Of the batting of Jack Iverson, the mystery spinner, a tailender to the manner born, he wrote: "Iverson had none of the graces of a Hammond or a Hutton. But it is an error in aesthetics, as Browning has demonstrated, that only the pretty or the beautiful is style. Ugliness, if it is commanding and can impose itself on the imagination is no less to be prized."
NSR was prolific. From Porbandar to Wadekar is well researched and well written, but ultimately less than satisfying for the stories not told. Indian Willow, Winter of Content and Indian Cricket are excellent reads, but like a batsman without a defining innings, NSR was a writer without a defining cricket book.

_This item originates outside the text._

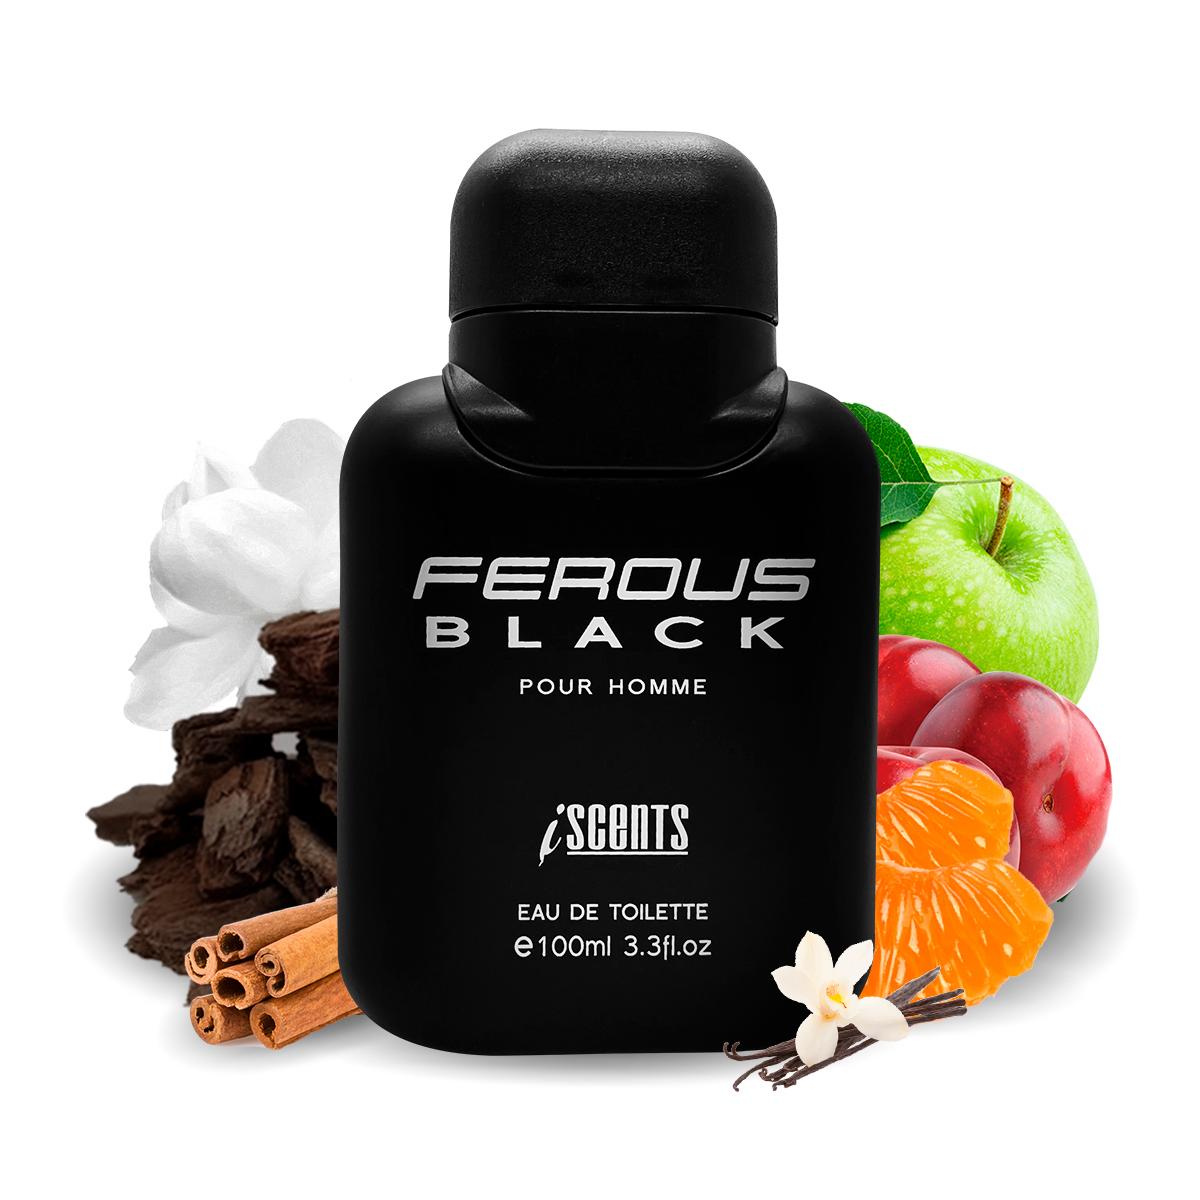 Kit 2 Perfumes Importados Red Royal e Ferous Black I Scents

He was a great character, though. He was at different times assistant editor with both of Chennai's leading newspapers, the Hindu and the Indian Express. By the time I joined the latter institution, he was retired and already in his seventies, yet he made his way to the office every Friday with his weekly column on cricket, "Different Strokes" - this one under his own name and with his photograph. He was a small man, with dancing eyes, and he spent the first few minutes on entering the office wiping the Chennai sweat off his brow.

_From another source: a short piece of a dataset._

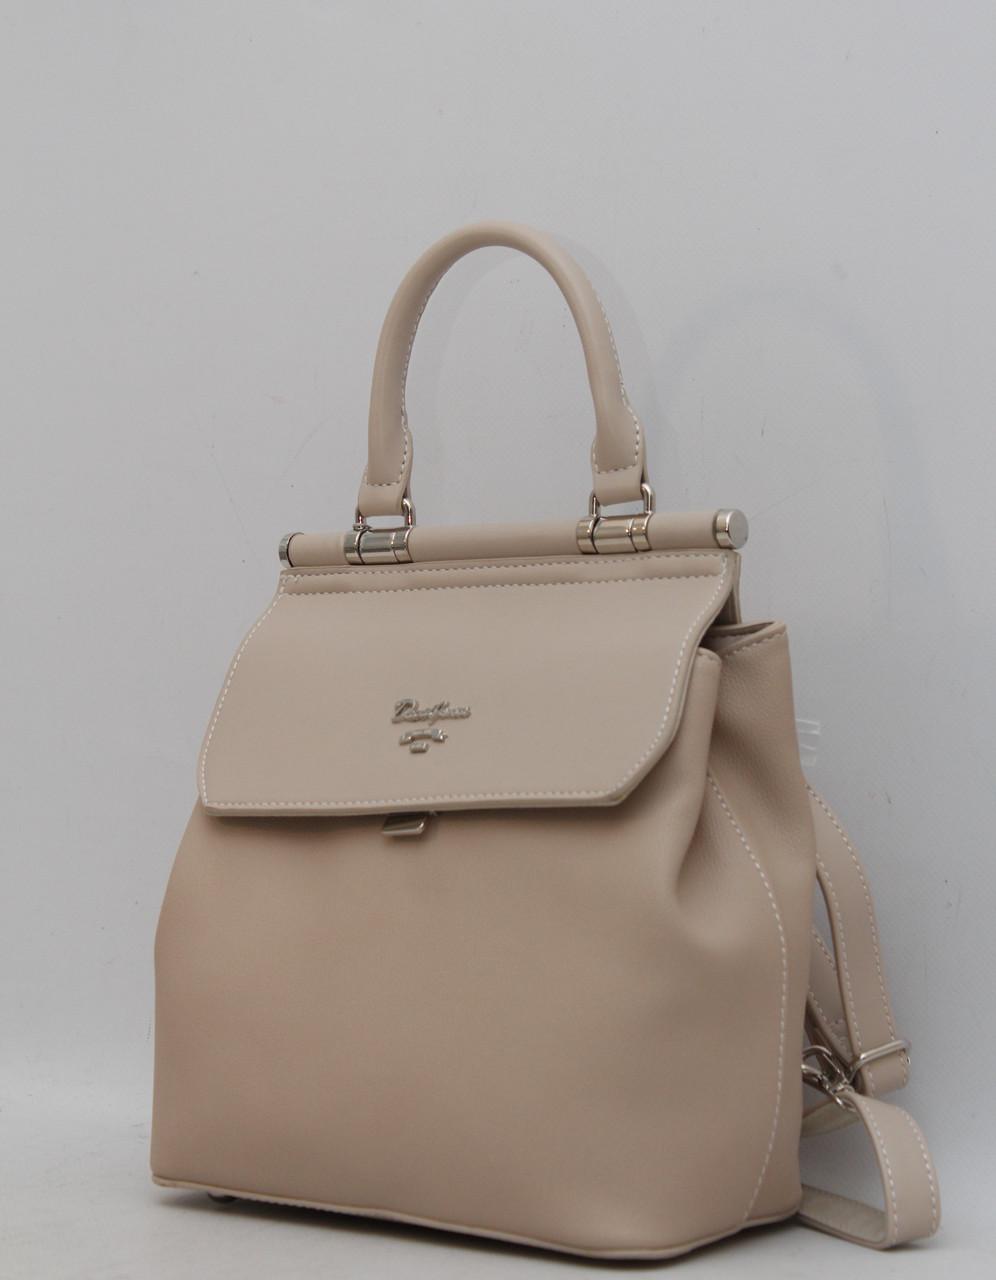 Стильний жіночий сумка - рюкзак David Jones /Уценка. Стильный женский рюкзак David Jones

A former colleague, the Hindu's hockey writer S Thyagarajan, told me of the time NSR once walked 40 kilometres to Kancheepuram. "He loved to read Pride and Prejudice every year," Thyagarajan said, trying to capture the many threads that made up the man. "He was also a keen chess player and spoke French fluently."
 
 
What NSR lacked was what some modern writers consider more important than style or flair - a harsh line in criticism. His writing was suggestive rather than brazen, his criticism based on larger principles rather than on passing trends.
 
NSR's column as Cardusian, "In the Pavilion", on Chennai's league cricket, played on matting wickets in often primitive conditions, was rich in human drama and humour. Sometimes umpires did not turn up for matches and the two sides would appoint one reserve player each for the job. Of one dismissal in a game between two third-division teams, NSR wrote that "the batsman left the ground slowly and unwillingly. At least, I thought he did. It could have been his normal method of progression...
"... the few spectators were hoping that if further wickets fell, they would be bowled or caught without appeal. This did not happen. The boys (spectators) got above themselves and were hooting at every opportunity. There is something to be said for Herod (the reader will, of course, understand this is a mild joke)."
NSR ended his essay on Cardus quoted above with the hope that "world cricket will recover its health. When it does it will cherish all the more the memory of the writer who through his writings made cricket a way of life." It applies equally to "Cardusian" too.